Interocular differences in refractive error (deviating eye – fixating eye) for individual monkeys reared with experimentally induced strabismus. The left panel (A) includes macaques with naturally occurring esotropia (Kiorpes & Boothe, 1981, Wong, Burkhalter & Tychsen, 2005) and those with esotropia induced by extraocular muscle surgeries (Harwerth et al., 1997, Kiorpes & Wallman, 1995, Kozma & Kiorpes, 2003) and previously unpublished) or by botulinum injections (Kiorpes & Wallman, 1995). The experimental esotropias were induced or observed before 4 months of age. The right panel (B) includes macaques (Smith III et al., 1997b, Watanabe, Bi, Zhang, Sakai, Mori, Harwerth, Smith III & Chino, 2005, Wensveen, Harwerth & Smith III, 2001, Wensveen, Smith III, Hung & Harwerth, 2011) and marmosets (Whatham & Judge, 2007) reared with optically imposed strabismus. The onset of prism rearing was 3–4 weeks of age for both macaques and marmosets. In both plots, only the refractive errors that were obtained at the oldest ages for each subject were included. The dotted lines in both graphs represent the ±2 standard deviations from the mean anisometropia in normal monkeys.

Figure 10

Refractive development in normal macaques (left) and macaques reared with surgically (Harwerth et al., 1997, Kiorpes & Wallman, 1995, Kozma & Kiorpes, 2003, and previously unpublished) and neurotoxin induced esotropia (Kiorpes & Wallman, 1995) (right). In the top plots (A and B), refractive error is plotted as a function of age for the right or deviating eyes of individual monkeys. The bottom plots (C and D) show the interocular differences in refractive error (right or deviating eye – left or fellow eye) plotted as a function of age.

Figure 11

Nature of ametropias in macaques with surgically and optically induced esotropia. In panels A and B, interocular differences in refractive error (treated or right eye – fellow or left eye) are plotted as function of interocular differences in vitreous chamber depth (treated or right eye – fellow or left eye) for monkeys with experimentally induced esotropia and optically imposed strabismus, respectively.
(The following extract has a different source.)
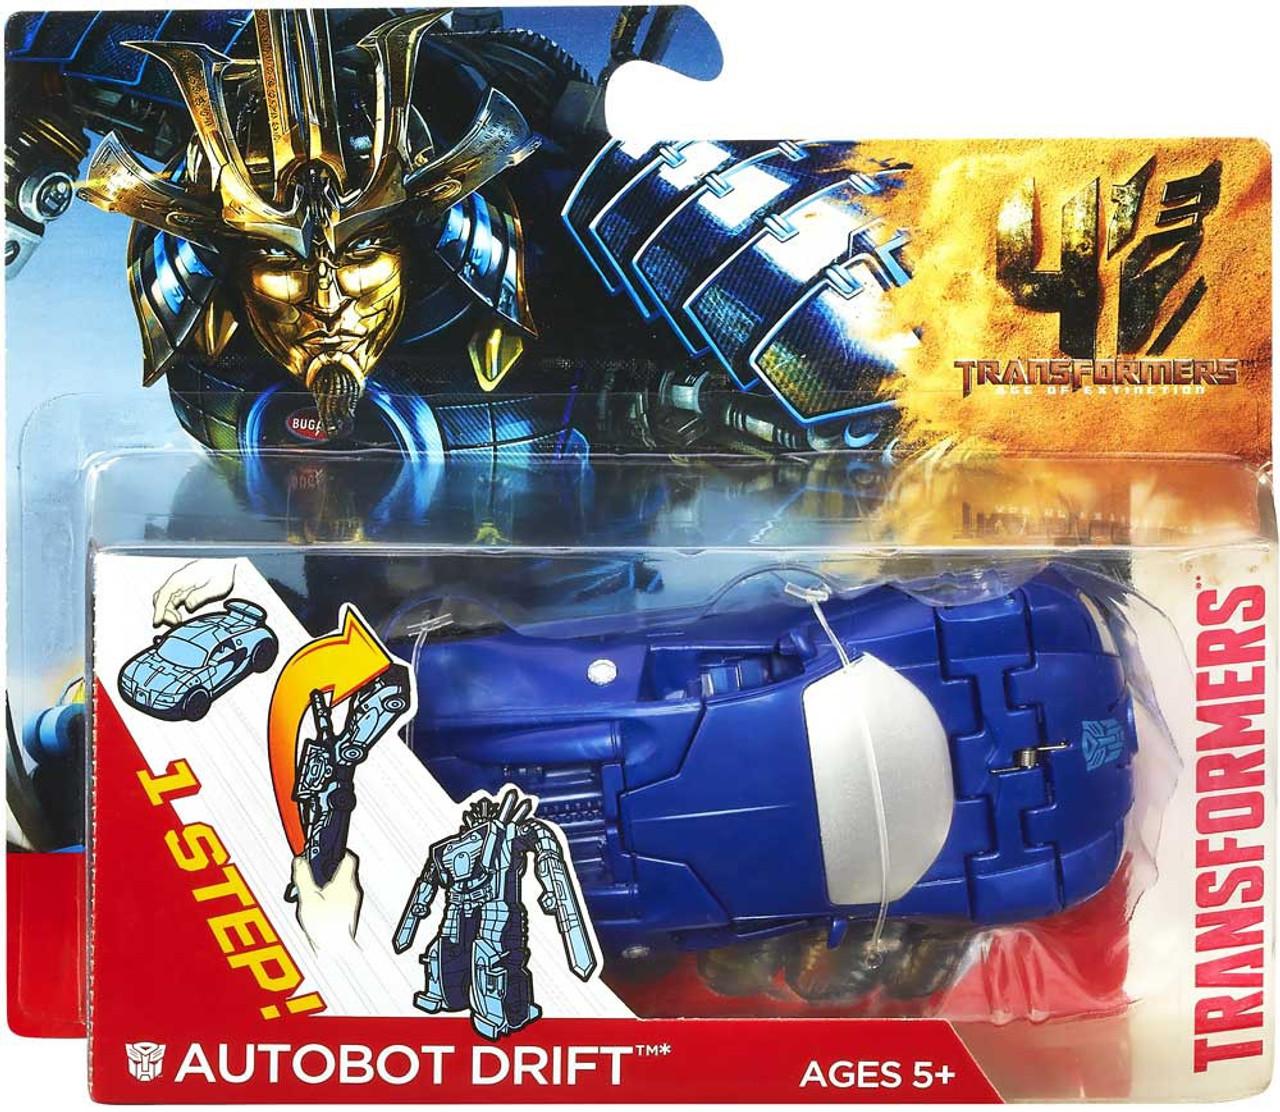 Transformers Age of Extinction 1 Step Changer Autobot Drift Car Action Figure

In panel C interocular differences in vitreous chamber depth are shown as a function of interocular differences in corneal power for monkeys with experimentally induced esotropia (deviating eye – fellow eye). The small solid symbols in each plot represent normal control monkeys. The control data were not included in the regression calculations.

Figure 12

(A) Interocular ratio of grating acuities (deviating eye/fellow eye) plotted as a function of the deviating eye’s ametropia and (B) interocular difference in refractive error (deviating eye – fellow eye) for individual monkeys with esotropia. See the legend for Figure 9 for the sources of the data.